Lately I wonder what my future looks like writing in this space. I started in 2024. I was in a very low point emotionally. I knew that as much as I share here, part of the reason why I was in a bad place was that I only stayed close enough to 2 people at most that I can feel safe living my truth with in a direct way. As in, actually telling them how my day went in a truthful way. What I dream of, what makes me stressed, and not feel triggered or afraid that they will leave me because my life isn't calm and perfect. It's very scary to unmask.
Here, I don't need to fret about anything. One can say a personal journal is a better place for that purpose, except that instead of unmasking, I'd be holding my secrets even more tightly. I don't feel my secrets are worth so much as that. An anonymous blog seemed the easiest way to unmask, without the inherent fear.
But I worry too. I worry that I am too open with my history and reality. I worry that instead of this writing as processing purging me from pain, I am perpetuating. Or that pain comes faster than I can process here, putting me in a hamster wheel of angst, with no end in sight. I do not believe it would manifest bad luck as such. More, that focusing on sad feelings will ultimately blind me to beauty. That my online self is as one-dimensional as my real life self, but just in a different way.
I would consider my life a success if I can embrace both pain and beauty and not fixate on any one of them. I guess like the stoic, my deepest wish is to feel calm. That this horrid turbulance that rocks me every day can calm down, until the mundane worries inherent to living can make no more than the most imperceptible ripple. But writing hasn't gotten me there yet.
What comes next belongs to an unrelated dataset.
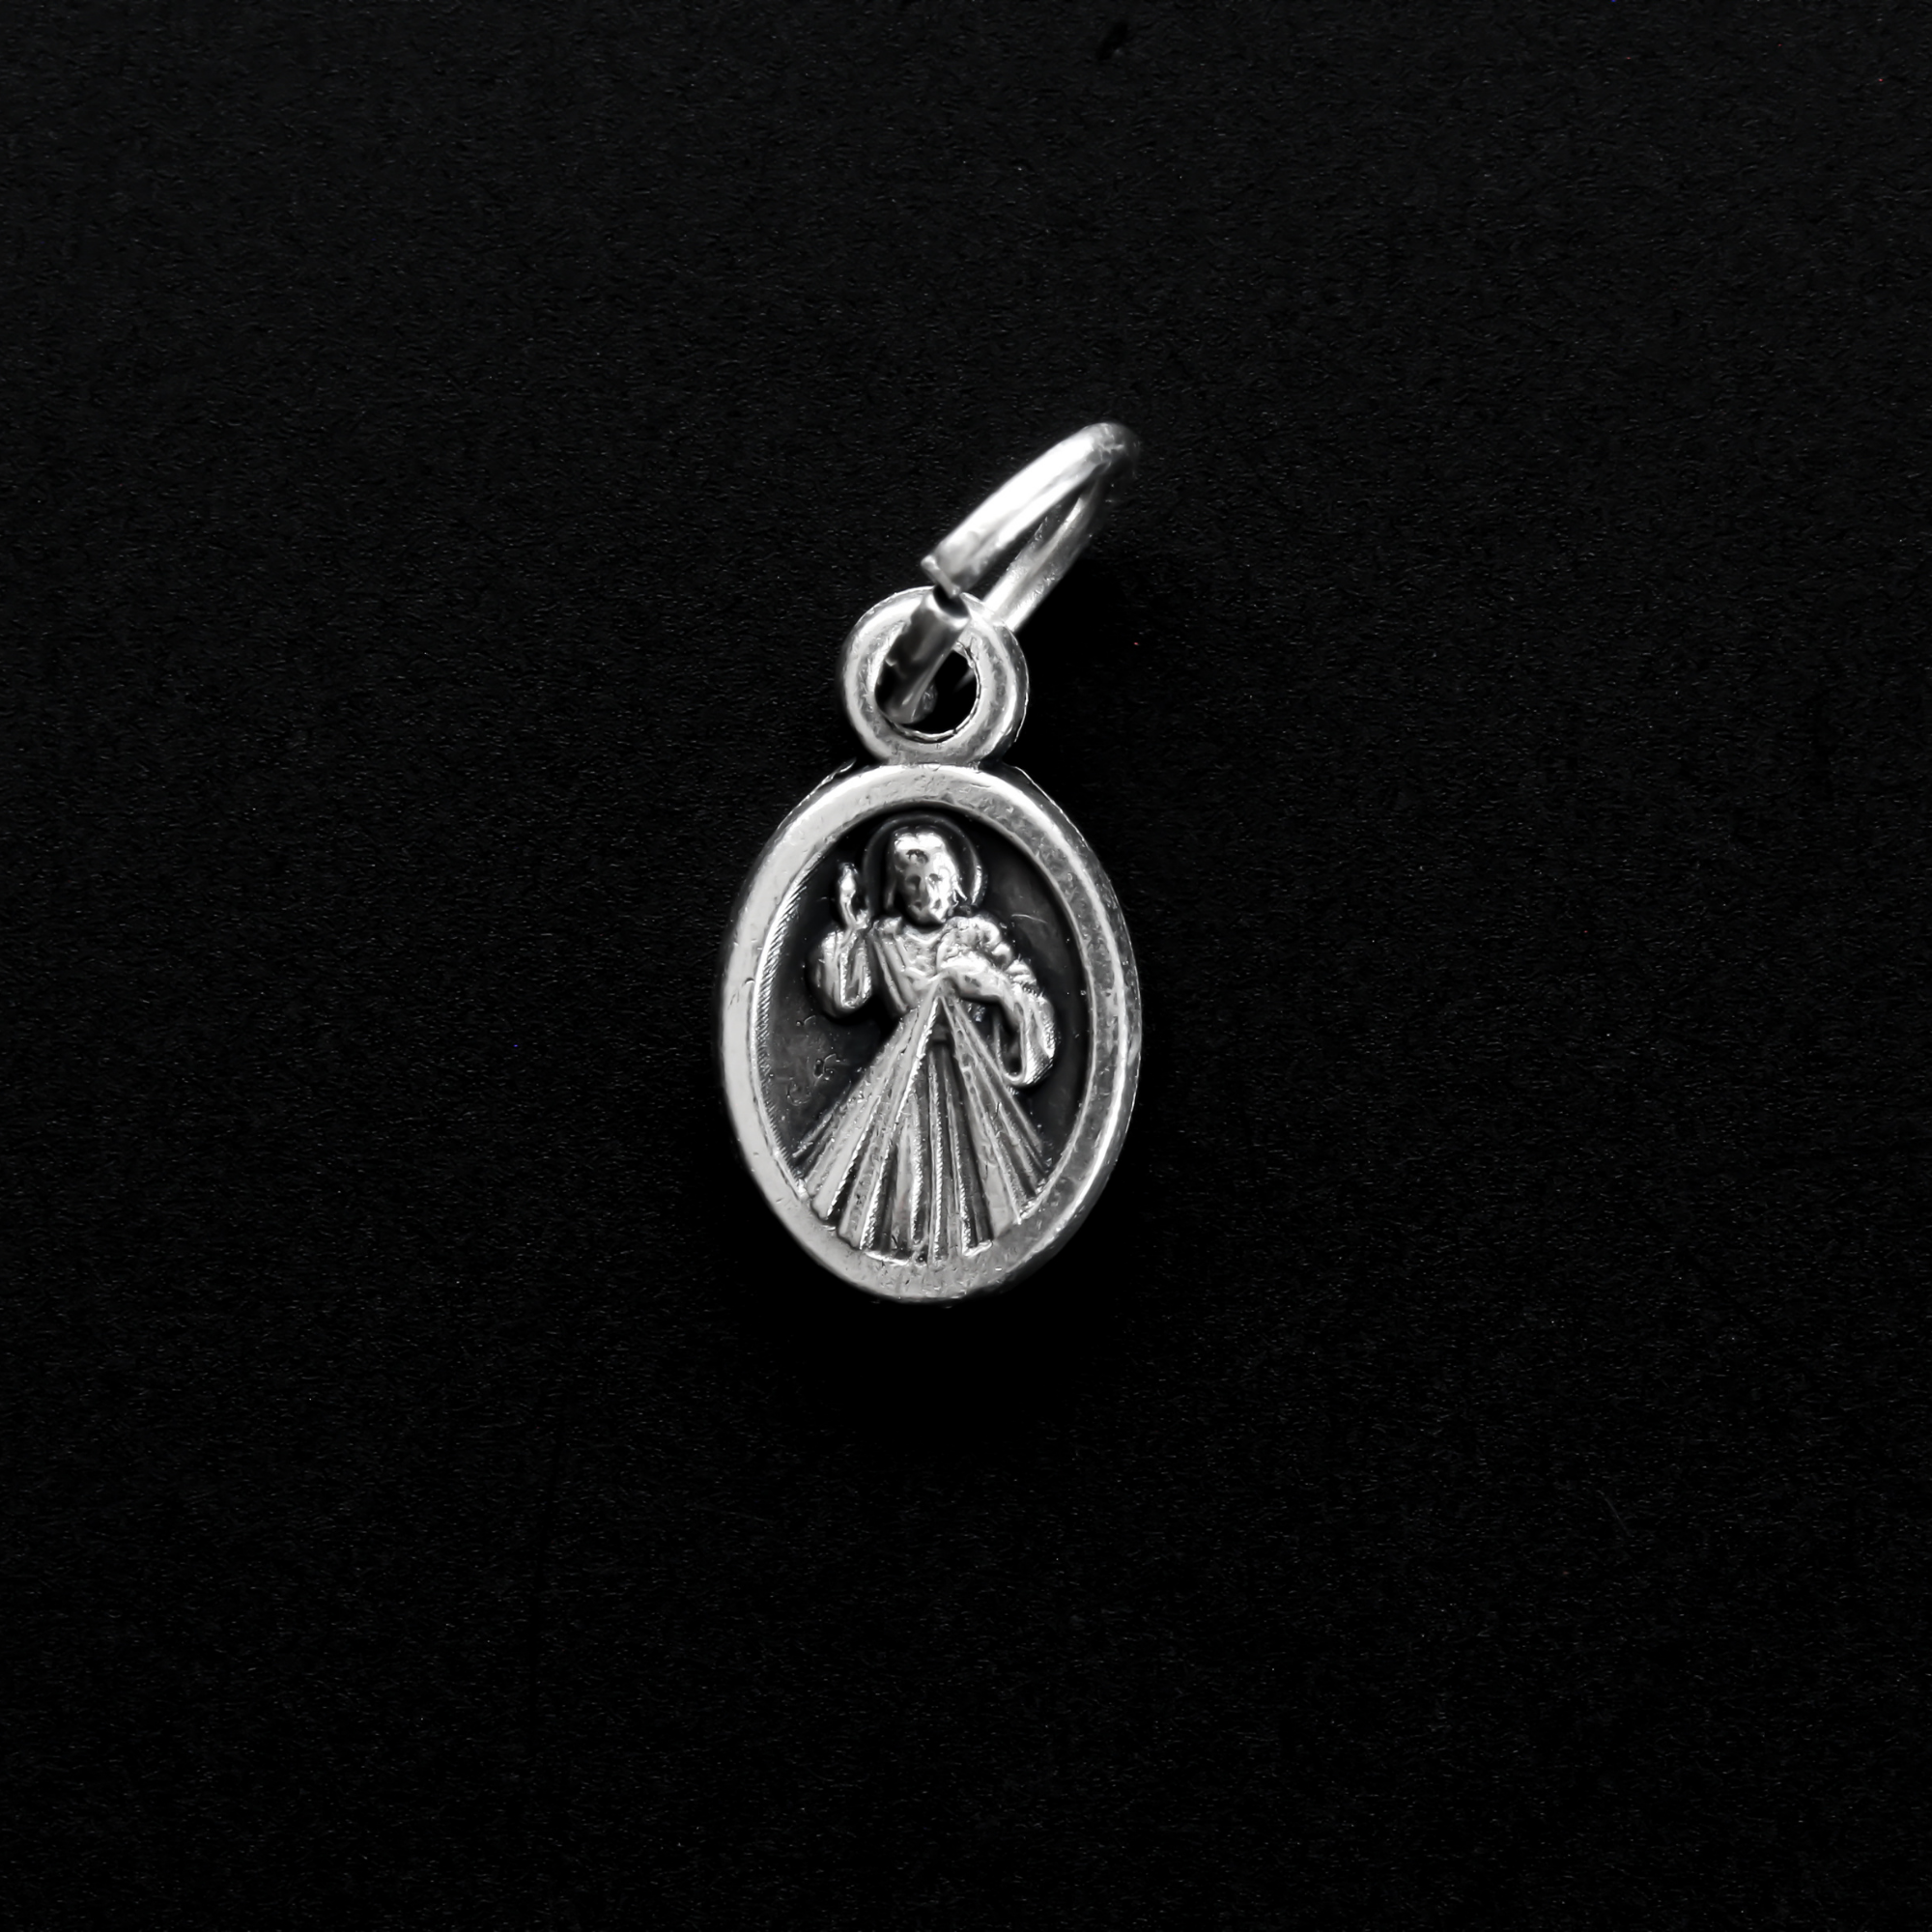 Tiny Divine Mercy of Jesus medal with "Pray For Us" written in Spanish on the backside: Ruega Por Nosotros.

The past few years have been relentless, until even hearing the phone ring will make me panic that my daughter got a seizure, spit on a kid, got hurt. That my partner got hurt or fired. That HR will jump in on that fateful call and end the 17+ year tenure at my company. My partner went through it twice, and I remember hearing the conversation in the other room, my brain racing as to how we were going to make ends meet. I survived all the things that causes my deepest fears. But the ghost of them persist no matter how much or quickly I type.
But I do want this space to be more than a simple dumping ground of pain and confessions. Maybe a repository for recipes. Some shrines to fangirl over all the things I nerd out about. A grimoire of herbal tisanes to soothe everything. From a tired nervous system, to an overindulged tummy. Even a metaphorical garden to plant the words of those role models that I admire and hold deep in my heart. Frida Kahlo, Yayoi Kusama, Atsuko Okatsuka, Angela Y Davis, Sojourner Truth, bell hooks. I keep spinning ideas in my head lazily, never commiting to the effort while knowing I need those spaces as much as this nav item in my site.
Every time I have had a problem, I have confronted it with the ax of art.